A generation of restaurants designed not for eating, but for photography.

Why It Happened

Thirty percent of young diners won't even consider a restaurant if its Instagram is weak. Seventy-three percent choose where to eat based on photos they saw on social media. Restaurants respond rationally to these incentives. They track which dishes get photographed most and adjust menus accordingly.

Chef Simon Horwitz spent months sourcing tables, light fixtures, and custom-crafted clay plates, then designed his Paris restaurant Elmer with 'soft, yellow spotlight shining down on each plate, so diners could not only see their food, but could also photograph it without requiring extra lighting. He admitted that "Instagram immediately became the factor driving business."

The question in the kitchen is no longer "Does this taste good?" It's "Will this get likes?"

Dishes are designed to photograph well in the restaurant's lighting. Colors are brightened. Garnishes are selected for visual pop rather than flavor contribution. A dish that photographs well generates free marketing through customer posts. A dish that tastes exceptional but looks ordinary? Generates nothing.

In the attention economy of Instagram, appearance has become the only currency that matters. Taste is irrelevant.

What We've Lost

Food is no longer for self-enjoyment. Diners get their pleasure not from the food but from sharing photos and making their friends envious.

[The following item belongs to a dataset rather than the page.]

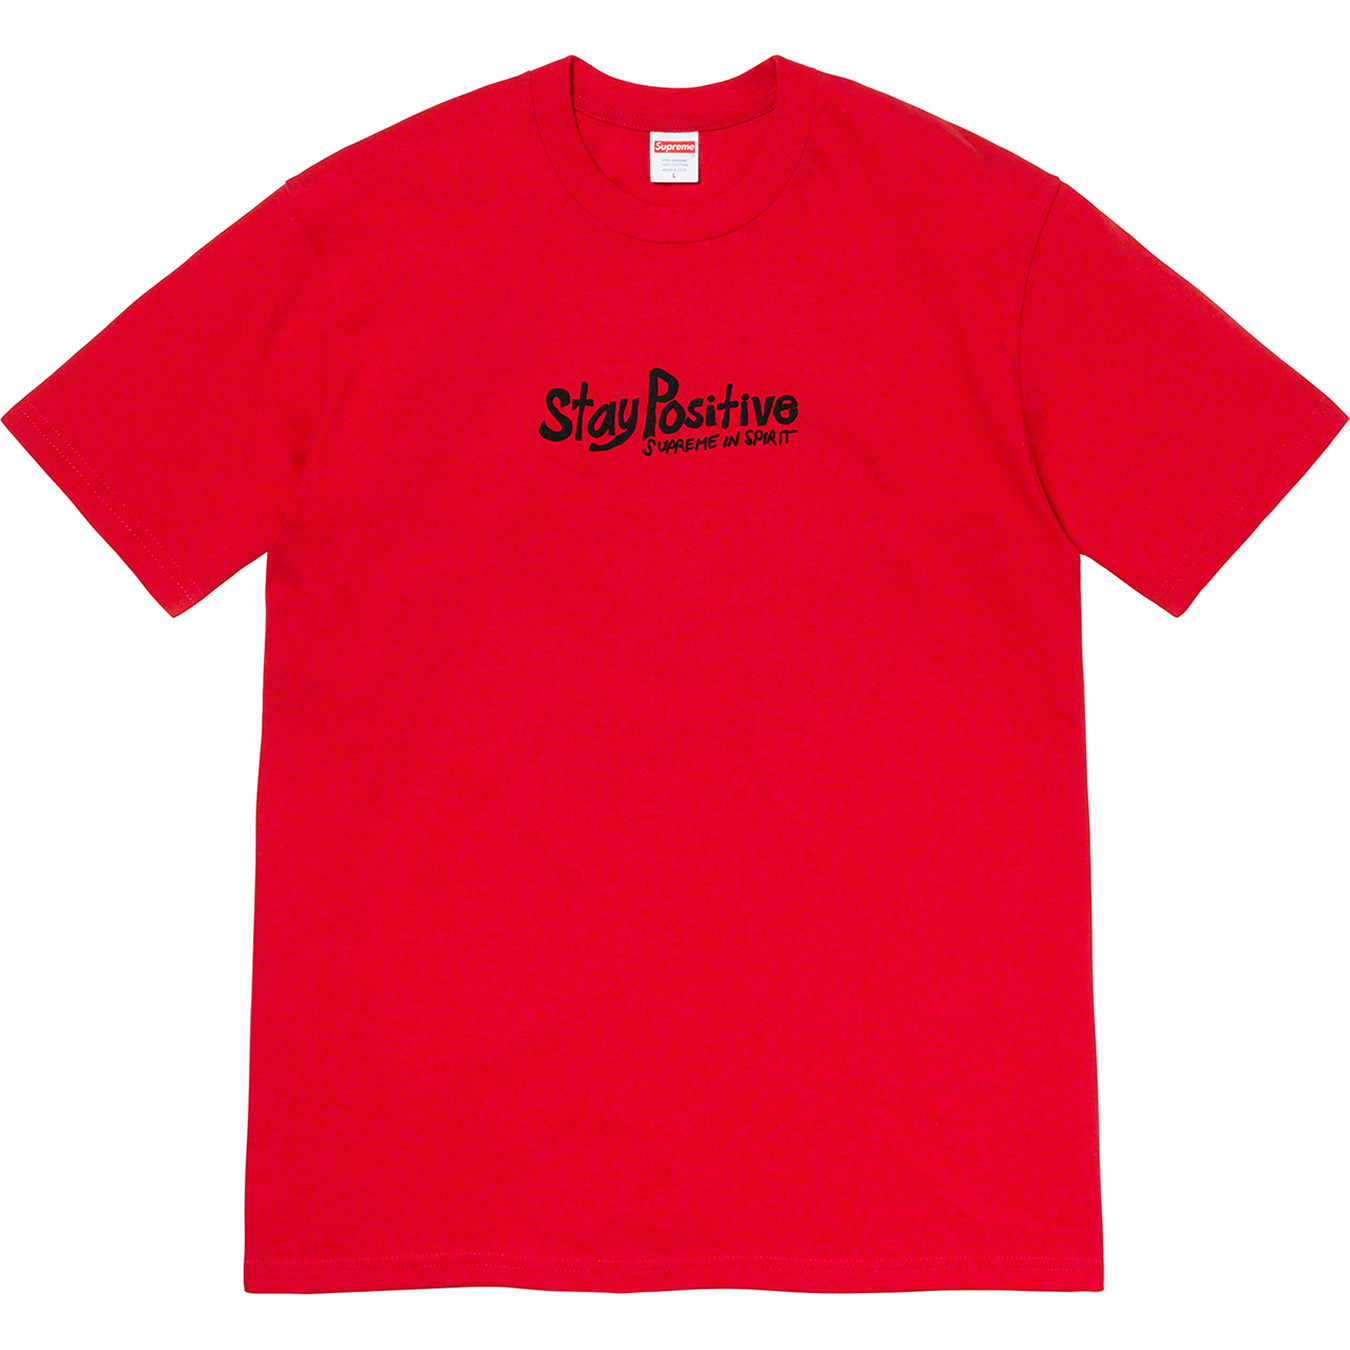 Stay Positive Tee - Supreme Community

The tragedy isn't just declining quality. It's that entire food cultures have been corrupted. Places like San Sebastián and Tsukiji weren't just great places to eat—they were authentic expressions of local food culture evolved over generations. Now they're theme parks. Photo ops.

Instagram transformed eating from a personal, sensory experience into a public performance.

We proved this strategy works. Every time we choose a restaurant because of how it looks on someone's feed, every time we let food go cold while we frame the perfect shot, every time we drive past a hole-in-the-wall that serves amazing food because their Instagram game is weak.

The celebrity chefs created the economic model that made corner-cutting inevitable. Instagram created the incentive structure that made those corners irrelevant as long as the plate looked good.

But this only works if we keep playing along.

The chefs who reject this model already exist—you just have to look for them. They run small places. Their Instagram is an afterthought or nonexistent. They source obsessively and charge what quality costs.

These places survive because enough people still value what matters. Not enough to dominate the industry, but enough to prove the model isn't dead.

The shift starts with attention—where you actually spend your money, not just your scrolling time. What you're willing to pay for. Whether you put your phone away and taste what's in front of you.

San Sebastián and Tsukiji didn't fall because Instagram was inevitable. They fell because enough people chose photos over flavor. That choice can be unmade.

The economics will follow the culture because that's what markets do—they respond to actual behavior, not stated preferences. If enough people stop rewarding performance food, restaurants will stop serving it.

Find the hole-in-the-wall with the small menu. Pay a premium for the chef-owned place using ingredients that leave you inspired. Stop following restaurants that optimize for cameras.

Tell people about the places doing it right.